OCR (Optical character recognition) uses techniques to distinguish printed or handwritten text characters in digital images of physical documents, such as scanned paper documents. The basic process of OCR involves examining the text of the document and converting the characters into code that can be used for data processing. Sometimes, OCR is called text recognition. An OCR system features a combination of hardware and software. The system’s goal is to scan the text of a physical document and translate the characters within that document to a code that’s then used for data processing. Think of this in context of postal and mail sorting services — OCR is core to their ability to operate quickly in processing destination and return addresses to sort mail faster and more effectively. The system does this in three steps.

1.1 Image Pre-processing

In step one, the hardware (usually an optical scanner) processes the physical form of the document into an image — such as an image of an envelope. The goal of this step is for the machine to be accurate in its rendition, but also to remove any unwanted distortions. The resulting image is converted to a black and white version, which is then analyzed for light areas (background) versus dark areas (characters). The OCR system may also categorize the image into separate elements if needed, such as tables, text, or inset imagery.

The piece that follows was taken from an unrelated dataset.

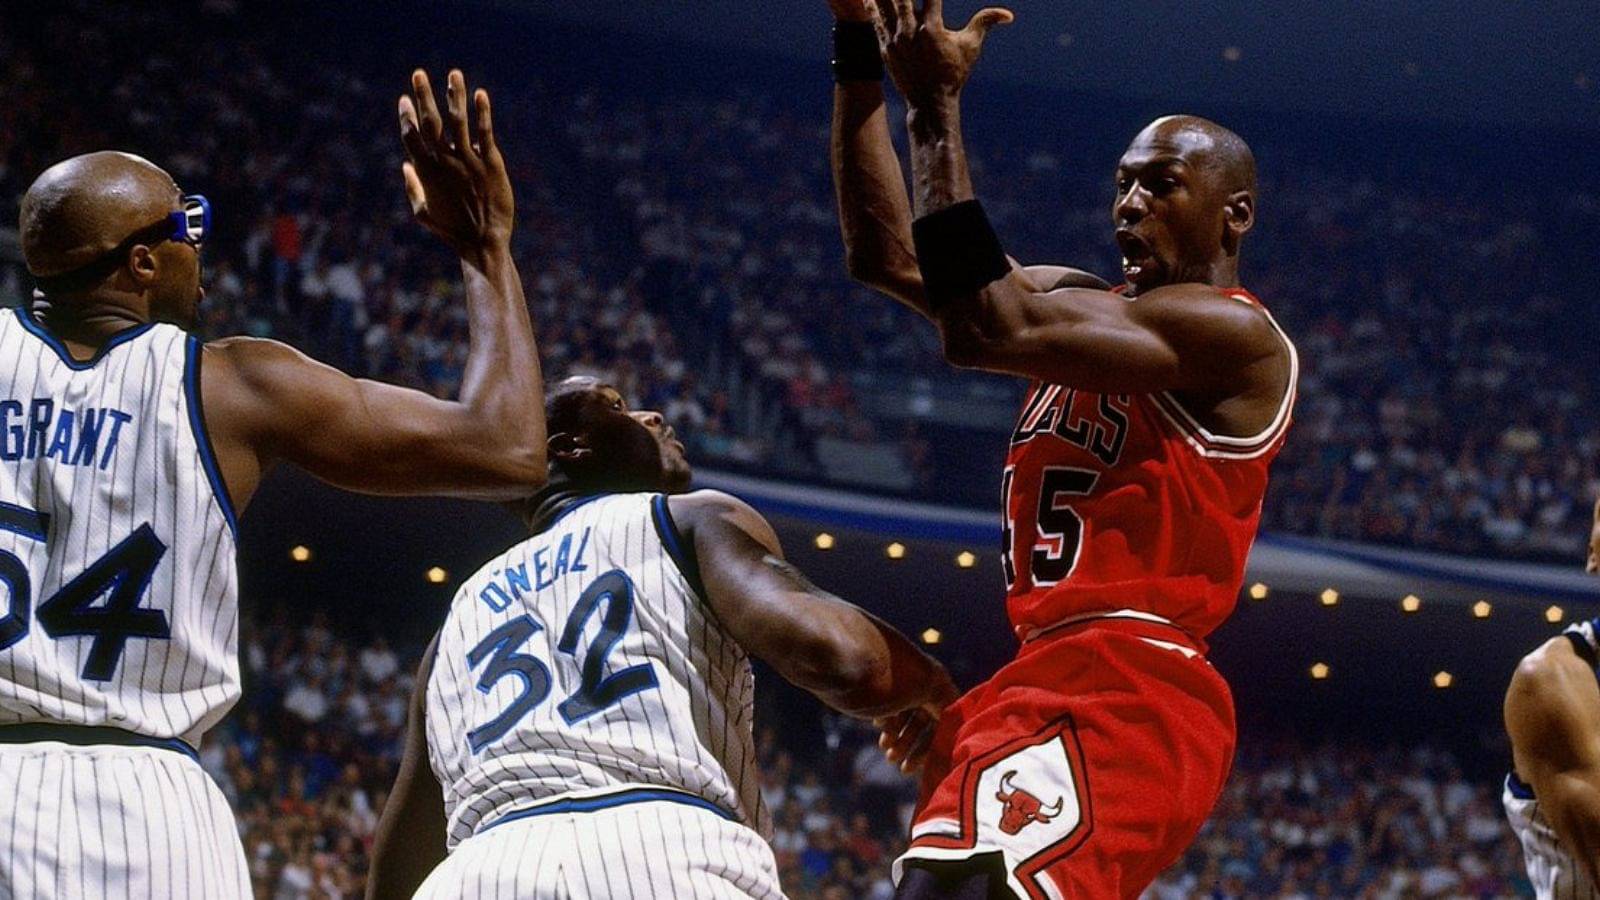 Michael Jordan and Shaquille O’Neal’s $35 million teammate believes MJ's 6-0 wouldn’t have happened if he weren't injured

1.2 Intelligent Character Recognition

AI analyzes the dark areas of the image to identify letters and numbers. Typically, AI targets one character, word, or block of text at a time using one of the following methods. The first one is pattern recognition.Teams train the AI algorithm on a variety of text, text formats, and handwriting. The algorithm compares the characters on the scanned envelope image to the characters it has already learned in order to identify matches. The second one is feature extraction. To recognize new characters, the algorithm applies rules regarding specific character features. Features may include the number of angled, crossed, or horizontal lines and curves in a character. An “H” for example has two vertical lines and one horizontal in between; the machine will use those feature identifiers to identify all “H”s on the envelope. After the machine has identified the characters, they’re converted to an ASCII code that can be used for further manipulations.

1.3 Post-processing

In step three, AI corrects errors in the resulting file. One method is to train the AI on a specific lexicon of words that will be found in the document. Restrict the AI’s output to only those words/format to ensure no interpretations fall outside of the lexicon. There are numerous applications of OCR; any business managing physical paperwork stands to benefit from its usage.

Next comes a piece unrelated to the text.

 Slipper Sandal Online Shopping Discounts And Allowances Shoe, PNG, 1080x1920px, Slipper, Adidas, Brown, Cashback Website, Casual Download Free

2. OCR can foster the efficiency of recognizing images

Text can be recognized with a scan, which is a new function that has appeared in many applications in recent years. For example, when we enter a bank card number, we can scan it directly with the mobile phone camera. And the software can extract the bank card information. The technology used here is Optical character recognition. OCR is the abbreviation of Optical character recognition, which refers to the use of a machine to convert handwritten or printed text in an image into a format that can be directly processed by a computer. As an important branch in the field of computer vision, the typical application of OCR is to input information through image character recognition. At the same time, it can help the machine to understand the image better because of words and symbols contain rich semantic information that is based on OCR. The white paper states the current domestic OCR industry in detail from the dimensions of OCR development background, technological evolution, industrial development status, technology standardization, development trend and so on. This comprehensively promotes the OCR technology industrialization to accelerate the landing and sustainable development.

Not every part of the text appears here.